## INPUT DATA
______

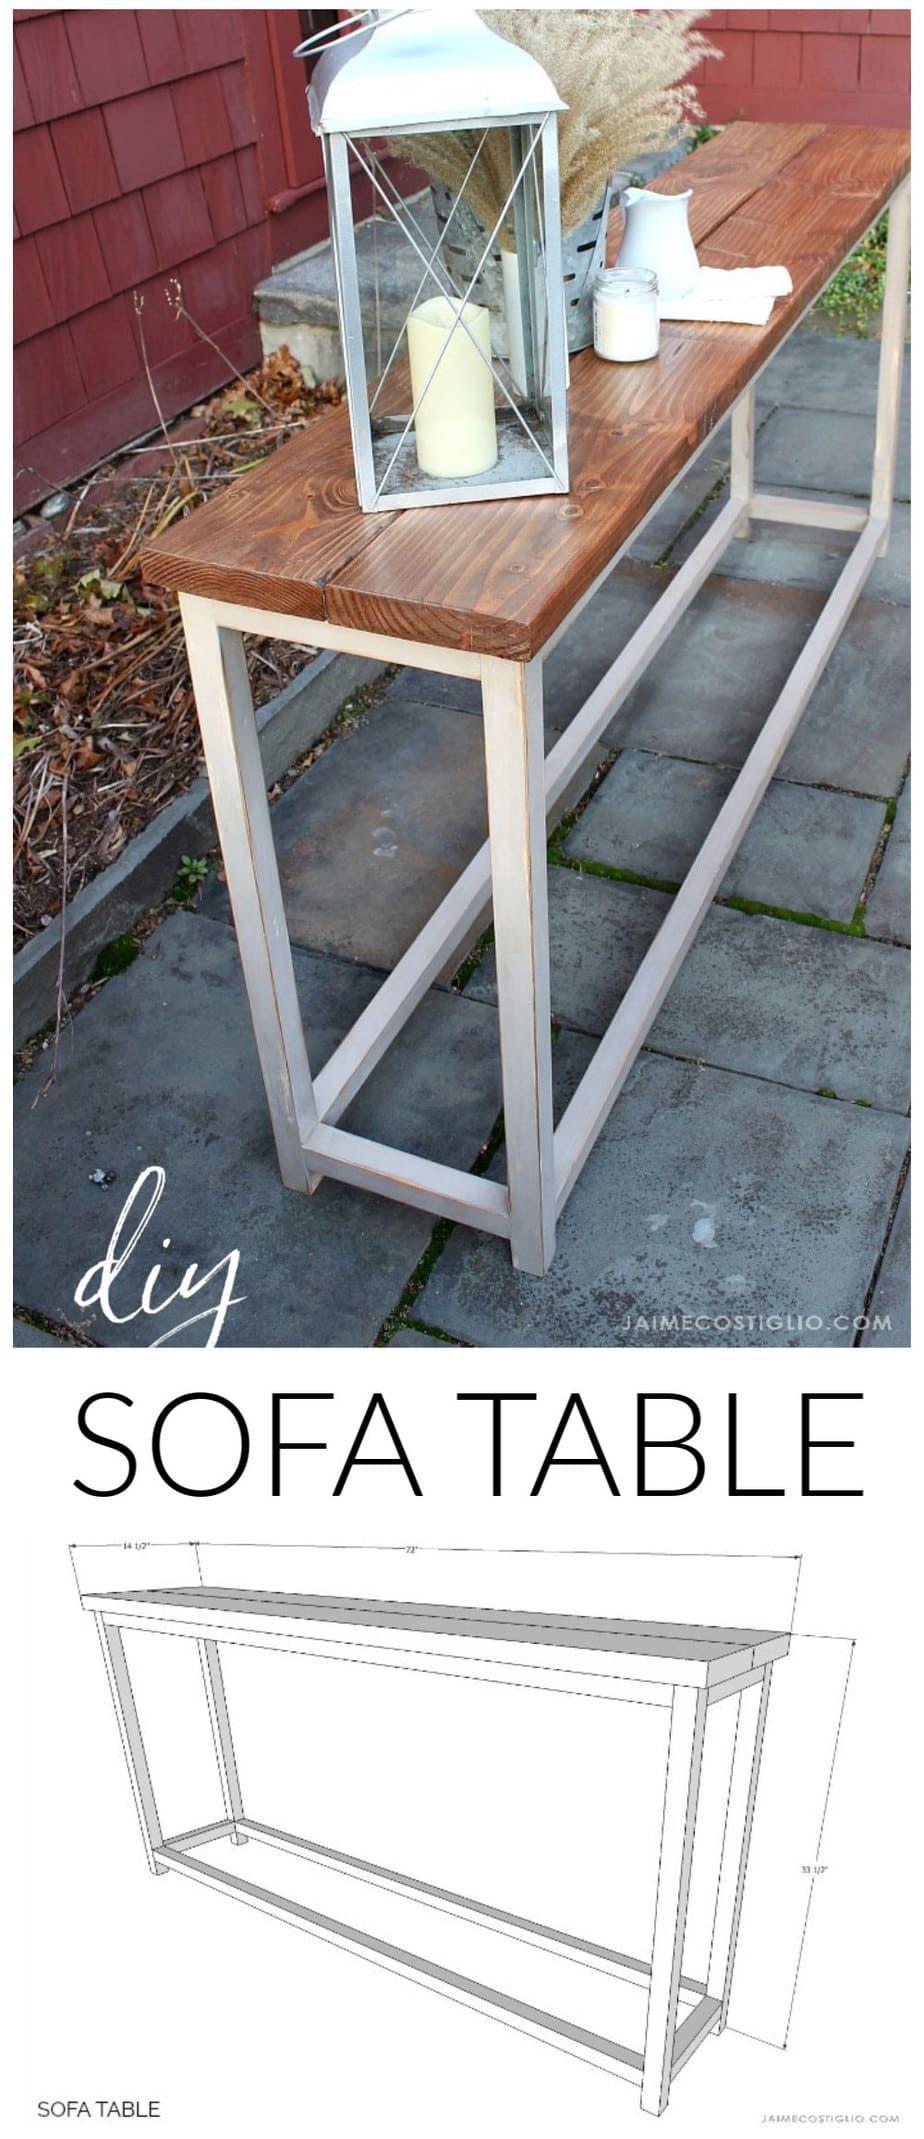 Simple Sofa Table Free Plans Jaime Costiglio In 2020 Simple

______

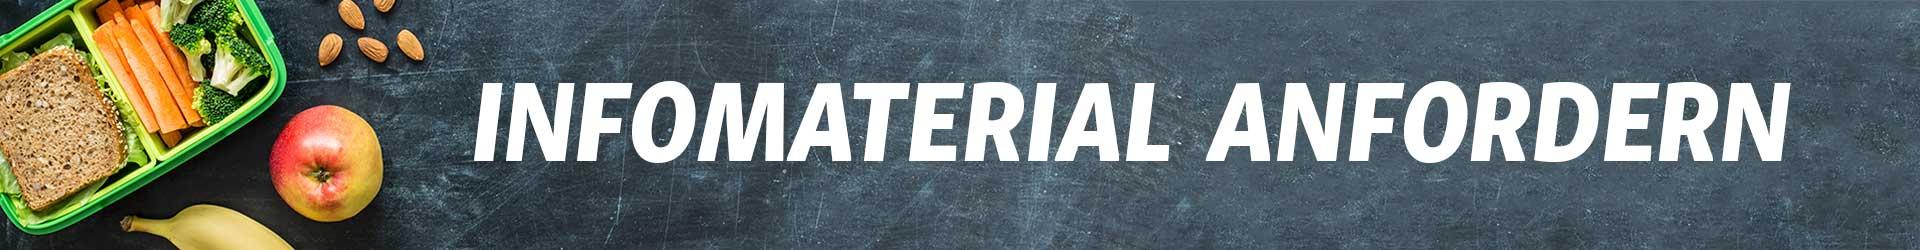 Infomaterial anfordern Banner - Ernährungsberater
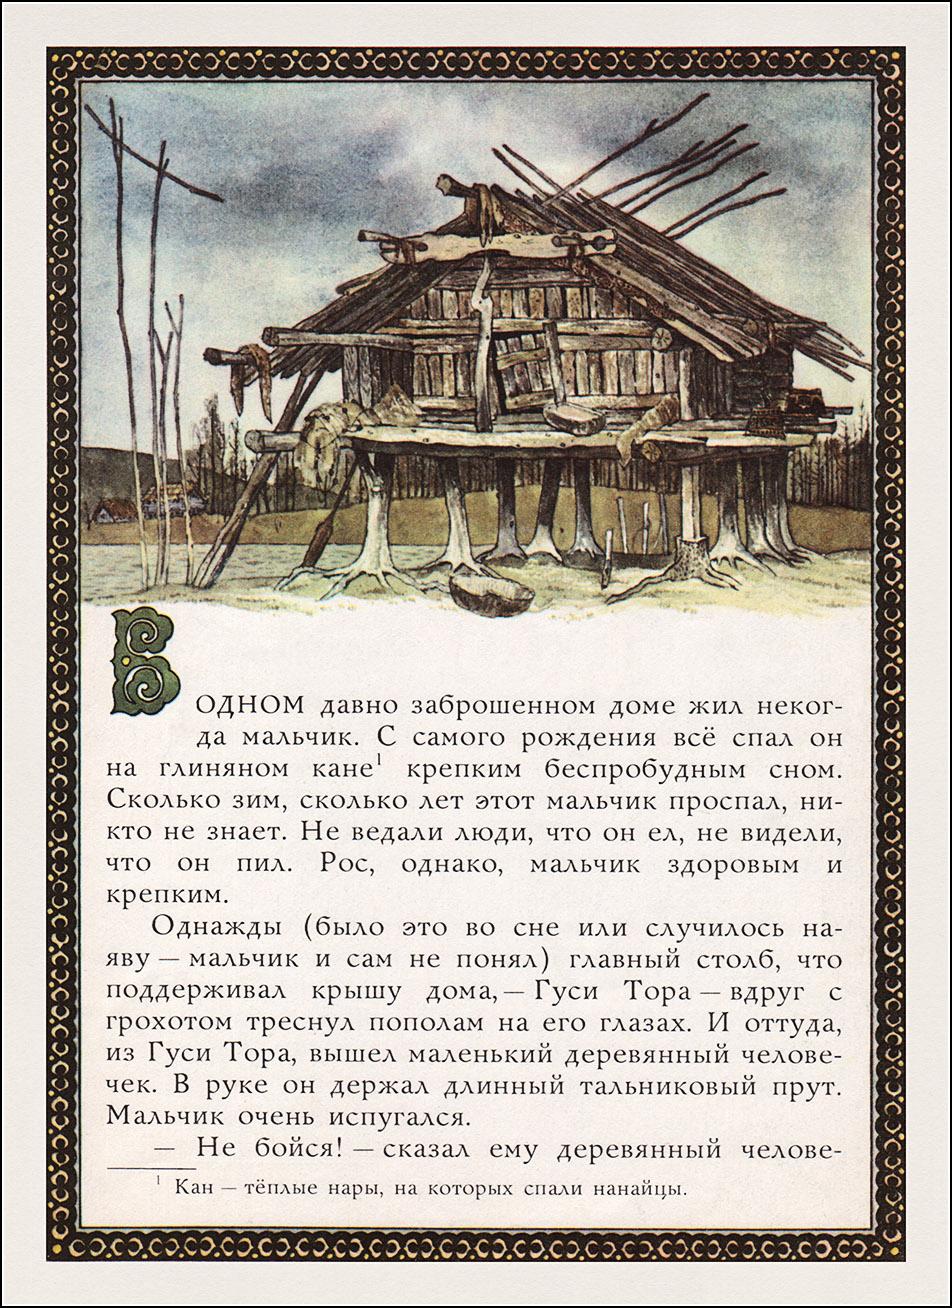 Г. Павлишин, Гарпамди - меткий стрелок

______

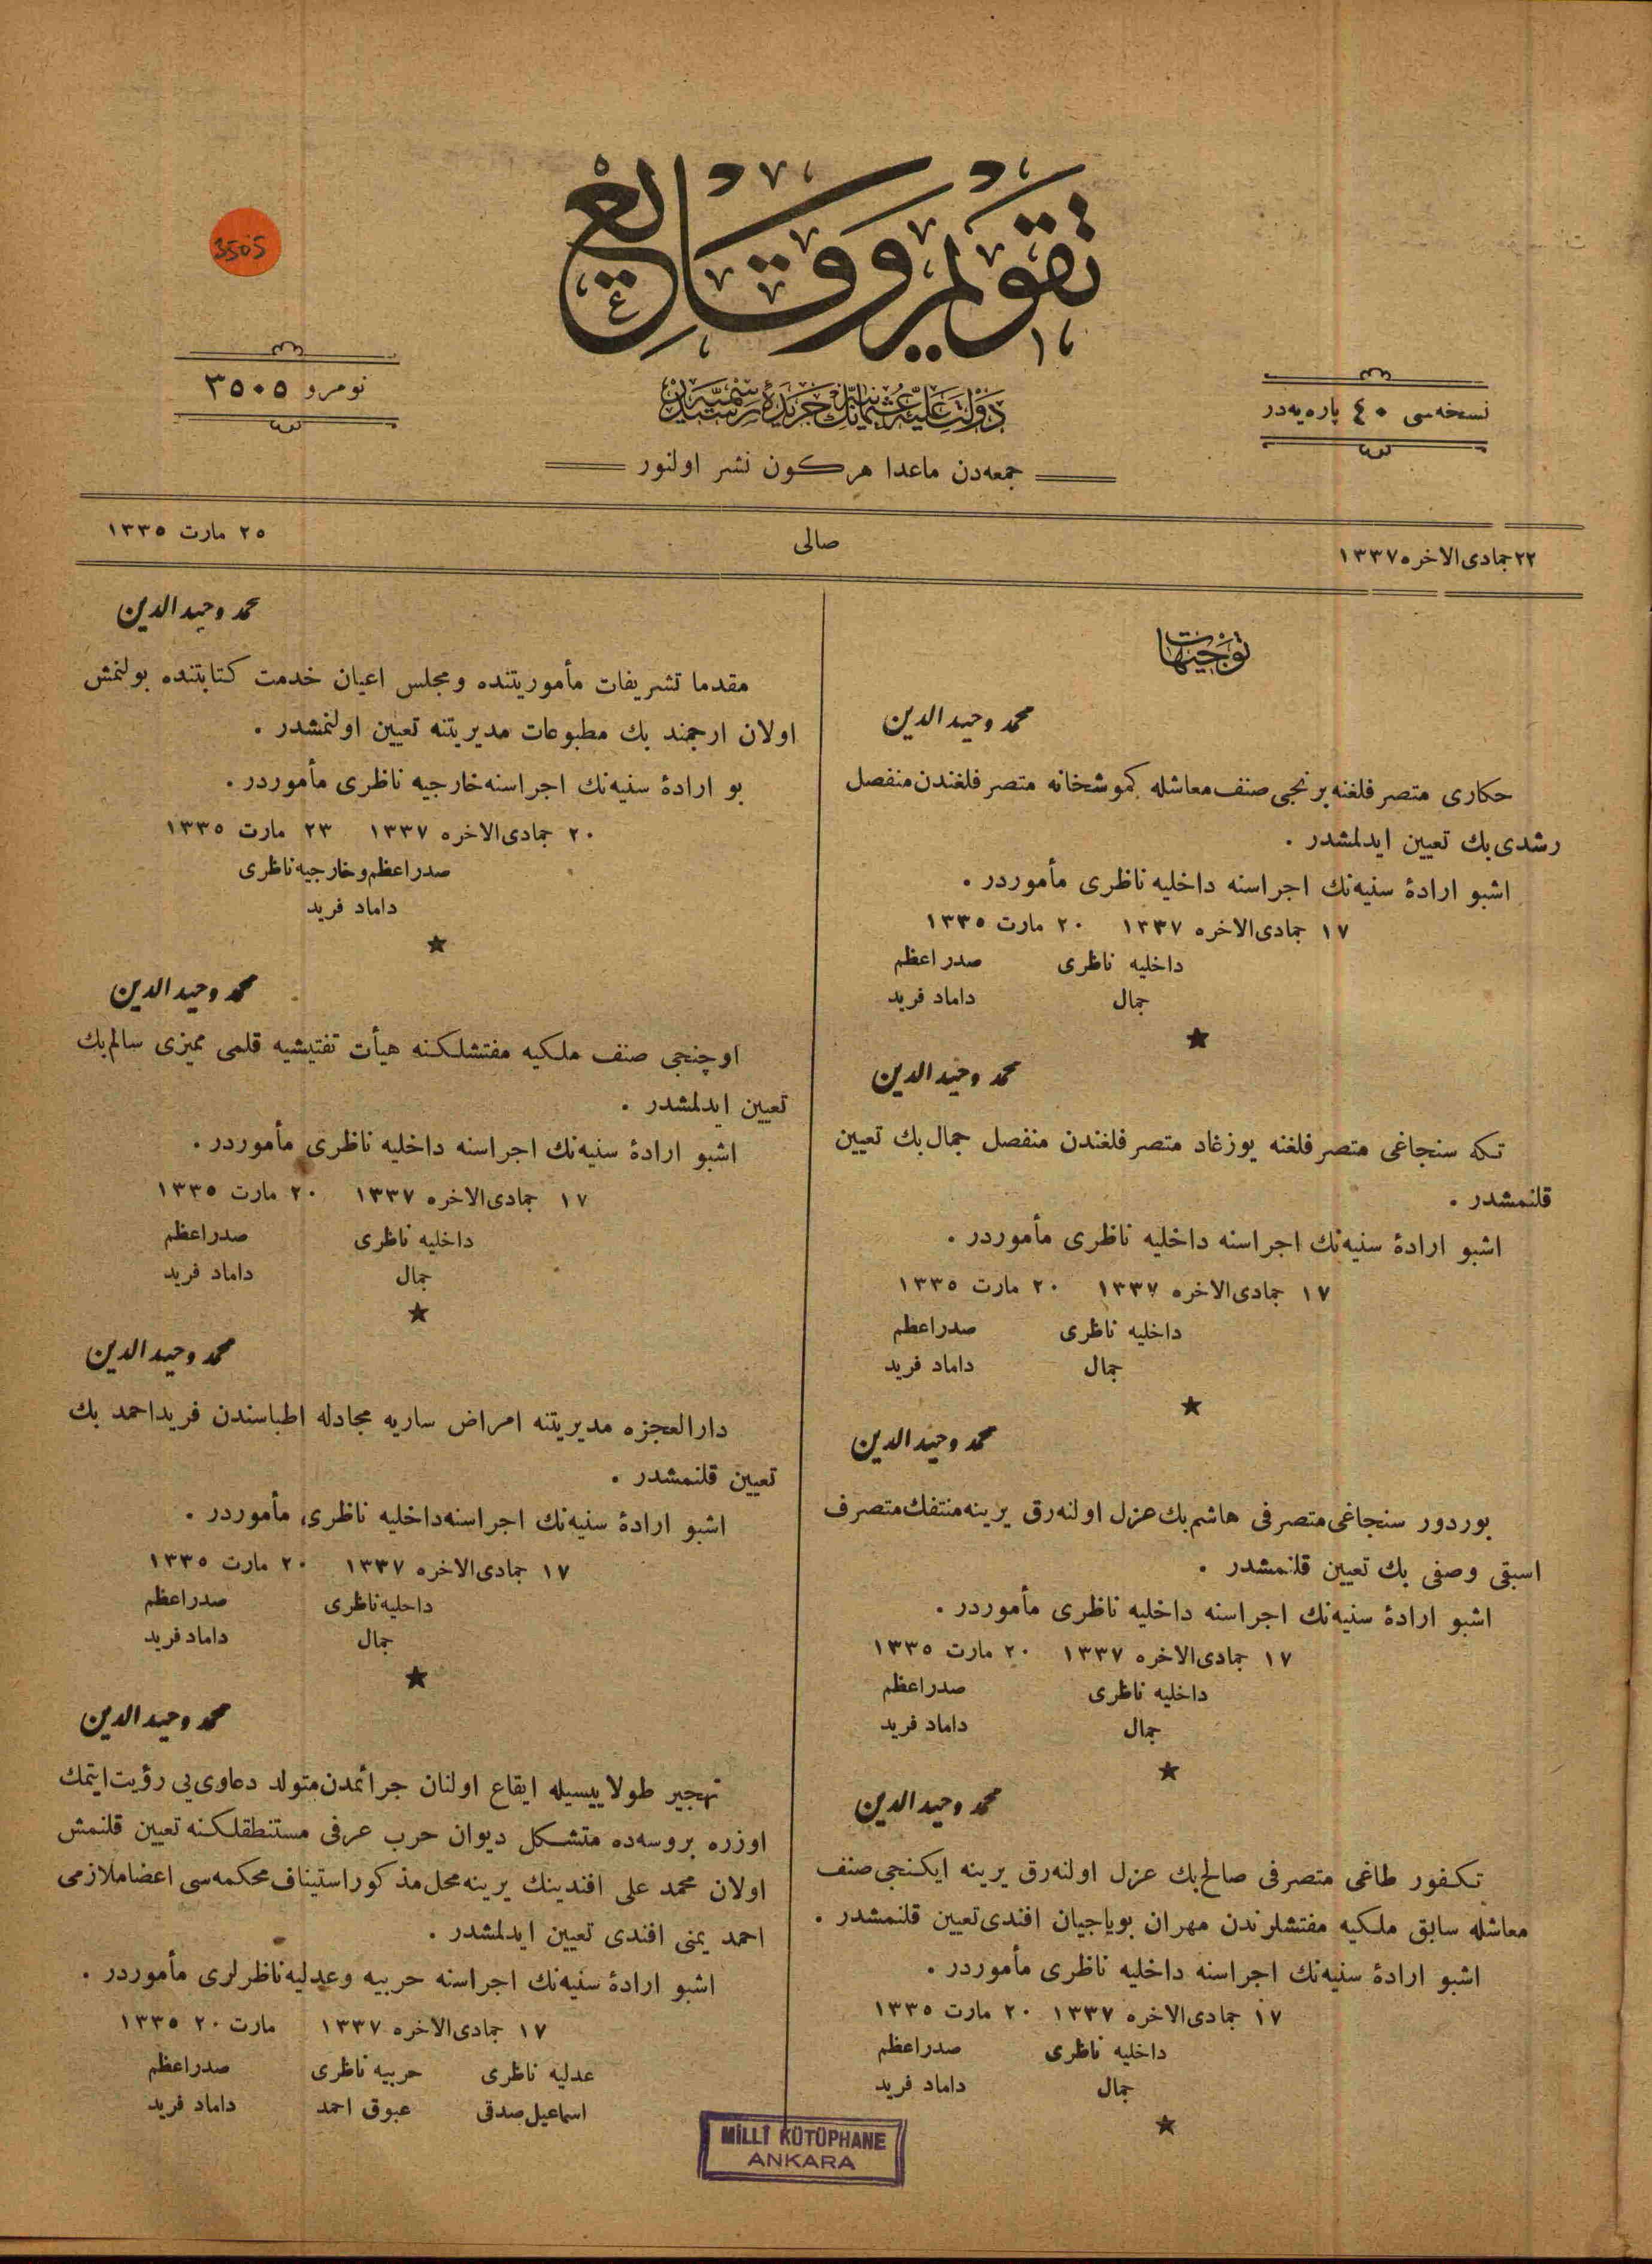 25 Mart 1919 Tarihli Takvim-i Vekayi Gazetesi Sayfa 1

______

## PROBLEM DETAILS
From the records above, output only the lines starting at the one containing "Infomaterial anfordern Banner" and ending at the one containing "Г. Павлишин, Гарпамди - меткий стрелок", word for word. Pictures stay out.

## EXERCISE OUTPUT
 Infomaterial anfordern Banner - Ernährungsberater
 Г. Павлишин, Гарпамди - меткий стрелок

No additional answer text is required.